# Got an acreage, ready to begin!



## nbatter (Mar 20, 2012)

Hey All,

I own 5 acres of mostly forested property. It's hilly. I am able to clear the forest, and its mostly smaller trees, and there is moderate ground cover in areas. Can sheep graze freely on forest undergrowth, or should I really clear out some forest so that all their available space is pasture? I already have about 1/2 acre of pasture they can use.

I've also searched the site without much fruit -- wheres the best info on fencing options?

Thanks!


----------



## fortheloveofgoats (Mar 20, 2012)

Goats would be great to help clear out the area, and they would help with getting the acreage healthy for the sheep you want.  Just a suggestion. Congrats on the 5 acres, you are so very lucky. Can't wait to hear what all you do, oh and we love pictures.


----------



## carolinagirl (Mar 20, 2012)

Goats will clear it out nicely, just be aware that goats LOVE tree bark.  They will strip a tree clean of it's bark and kill it.  They like some trees better than others.


----------



## secuono (Mar 20, 2012)

Goats can also be heck to fence in. 
What kind of sheep do you have/want to get?


----------



## nbatter (Mar 20, 2012)

We went to the big New York State sheep and wool fest this fall, and really liked the Merinos and Romneys -- though admittedly for completely superficial reasons. We'd like to harvest the wool primarily, but also want something with meat that is at least edible. Thanks for the tip on the goats. Is there a good resource on what bark they tend to favor? The area I am thinking about clearing has a lot of young evergreen, but I have another area on the other side of the property that has mature deciduous trees and the ground is almost exclusively nettles. We had some sheep when I was very young growing up and I remember an emergency with them getting bloated, so I'd like to be as safe as I can and get the best grazing space I can prepared for them. Thanks for the insight!


----------



## Cornish Heritage (Mar 20, 2012)

In my experience goats will kill all young trees. Goats can be very mischievous & you had better have very good secure fencing if you do not want to be chasing them home every 5 mins. 
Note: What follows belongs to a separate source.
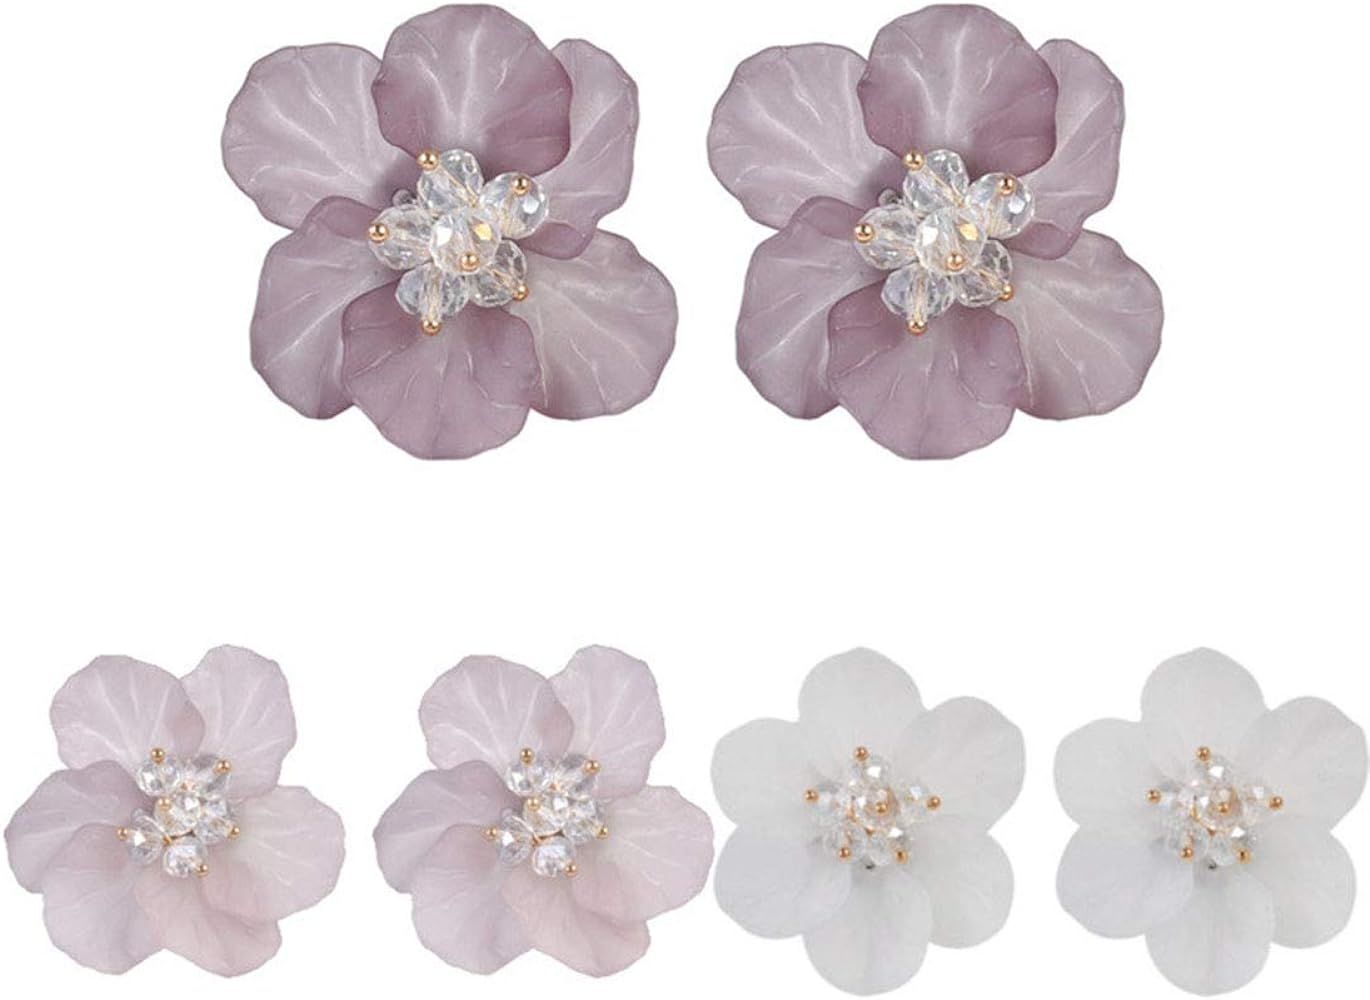 Cute Acrylic Resin Petals White Beads Flower Stud Earrings Floral Statement Women Girls Gifts | Amazon (US)

Not sure what kind of predators you have where you are but whatever fencing you put up it needs to keep predators out. We have a real distaste for barbed wire - that stuff is nasty - not only does it cut us up but it cuts up the animals. Woven wire is a good perimeter fence but if you use the regular stuff then you will need to run electric at nose height on the inside. We are gradually going to replace all our perimeter fencing with HI-Tensile woven wire - will take us years!

Internal fence is completely different. You really should rotate your pastures/woods so polywire is a good choice as you can use temporary posts & just move it when you want to. Electric fence just teaches the animals to respect fence & not tear through it. 

Liz


----------



## autumnprairie (Mar 20, 2012)

looking forward to reading your journal


----------